Тихо, со скрипом, но все же ехали. Где-то позади остались каменные лбы гор, перед глазами плыл, разворачивался вправо и влево далекий лесостепной окоем в чубаринах осени. Егорка подолгу не отходил от окна. Что и говорить, места были знакомые: когда-то вместе со слепым батькой прошагал их насквозь, до последней версты. Ноги, сдавалось, и поныне гудели как чугунные…
На тринадцатые сутки тесно подступил Урал в голубых чашах озер, в диковинных скальных изломах, в пересверке горных вод за частоколом сосен, закружил голову суровой красотой… Теперь Кольша часами глядел в окно, и по его бровастому лицу нет-нет да и пробегало волнение.
— Эй, командир, что с тобой? — спросил доброволец из ушаковских рабочих.
— До дому всего ничего, какая-то сотня верст, — вполголоса ответил Кольша, не оборачиваясь.
— А ты б депешу послал, как другие. Встретили б и едова подкинули, само собой! — вставил Васька.
— Некому встречать, кроме бабки. Не знаю, жива ли…
— А сам давно оттуда?
— С лета восемнадцатого…
Больше усолец не проронил ни слова, замкнулся в себе.
Глава шестнадцатая
— «Пав-ло-град»! — по складам прочитал Васька Малецков, стоя на подножке. — Слезавай, доехали. Дальше — фронт!
— Славу богу! — обрадовался вихрастенький казачок. — Шутка ли, сорок ден в пути. Обалдеть можно!
Самые нетерпеливые высыпали на перрон, вертели шеей, удивленно переговаривались:
— Эка занесло, чуть ли не на край земли!
— Одно слово, Украина!
— А дома-то, дома. Сплошь глинобитные, не то что у нас.
— У нас тайга, руби — не хочу, а тут безлесье на сотни верст, кумекай башкой. Вот и наловчились мазанки ладить. А живут чисто!

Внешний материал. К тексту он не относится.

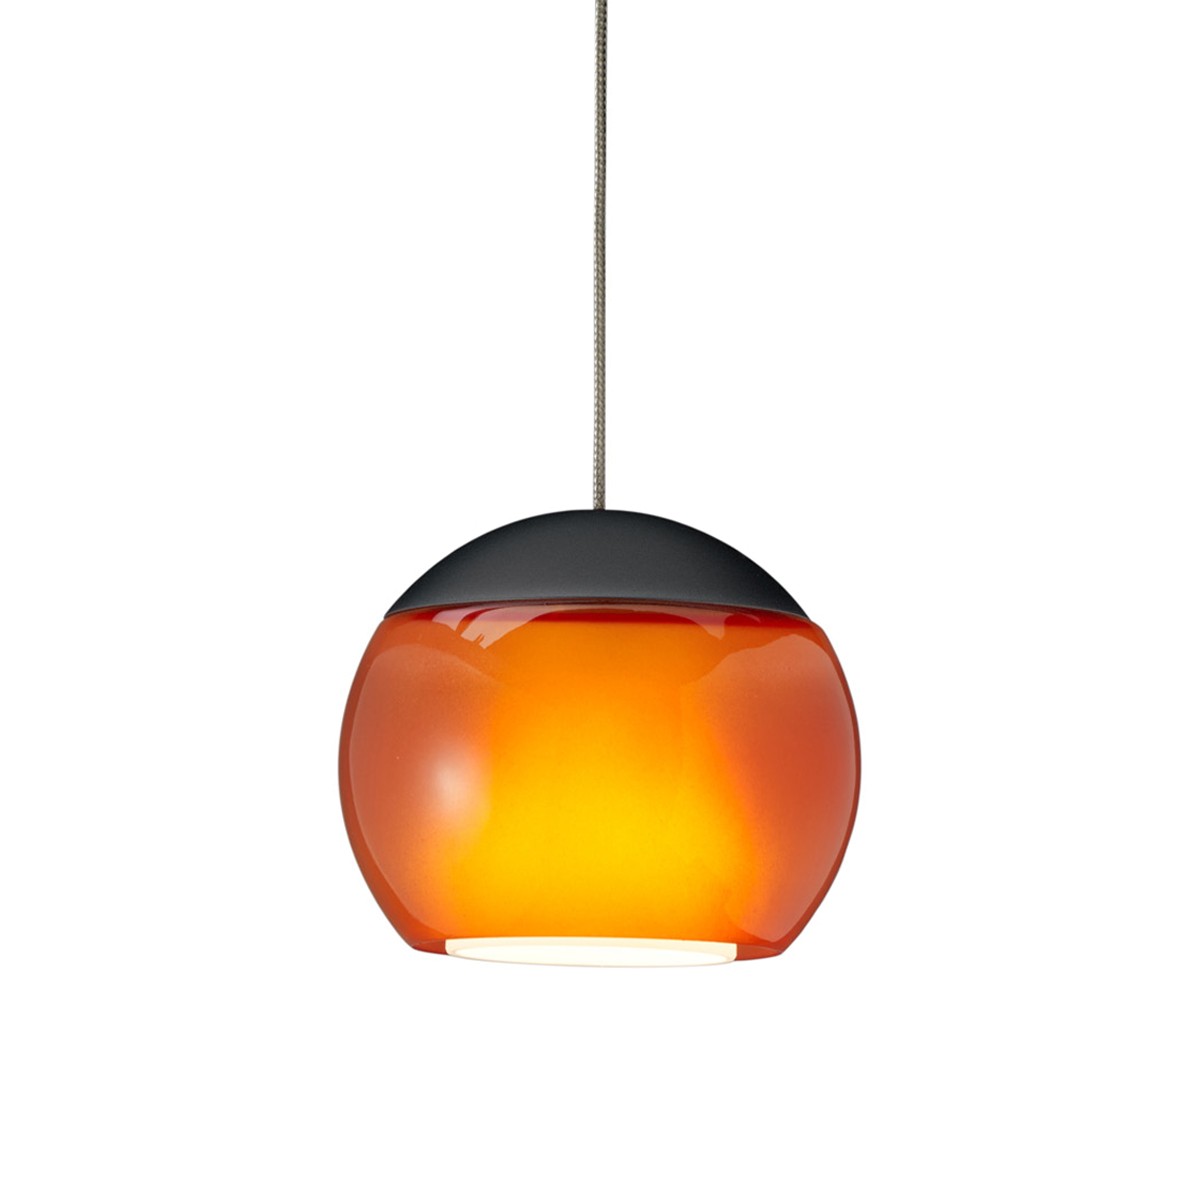 Oligo Balino LED Pendelleuchte, 1. Generation, schwarz matt / orange glänzend

Бойцы ежились на хлестком утреннем ветру, оглядывали друг друга. Да-а-а, экипировочка на диво! Кто в потрепанной шинели, кто в бушлате, кто в коротких черных стеганках, из-под них багрянели длинные полотняные рубахи, выданные вместо гимнастерок. Одинаковыми в полку были, пожалуй, только шапки серого козьего меха: волос крученый, долгий, вьется перед глазами, лезет в нос.
— Эй, цыгане будете? — полюбопытствовал старенький путеец.
— Они самые, дедушка! — Васька хлопнул в ладоши, повертел носком ичига. — Дуй в наш табор, не промахнешься!
От телеграфа набежал комбат, запаленно спросил, почему нет выгрузки.
— Не забывайте, на подходе — состав с батареей и конной разведкой… Даю десять минут сроку. О готовности доложить! — и сорвался дальше. Взводные засновали по вагонам, торопя бойцов.
Разместили пулеметы и боеприпасы по телегам, строем двинулись через город, в степь. Вдоль походной колонны ехал комиссар полка, далеко разносился его молодой голос:
— Товарищи красноармейцы! Только что получена телеграмма из Москвы. По ходатайству сибирских рабочих, нашей дивизии присвоено почетное наименованье Иркутской!
— Ура! — ответили ряды.
— Вас приветствует начдив Пятьдесят первой Василий Константинович Блюхер. Желает непобедимым уральским и сибирским стрелкам успеха в боях с последним врагом социалистической революции!
— Уррр-рр-ра-а-а!
— Даешь Крым с табаком и белыми булками! — вставил неугомонный Васька. Демидов слегка покосился на него.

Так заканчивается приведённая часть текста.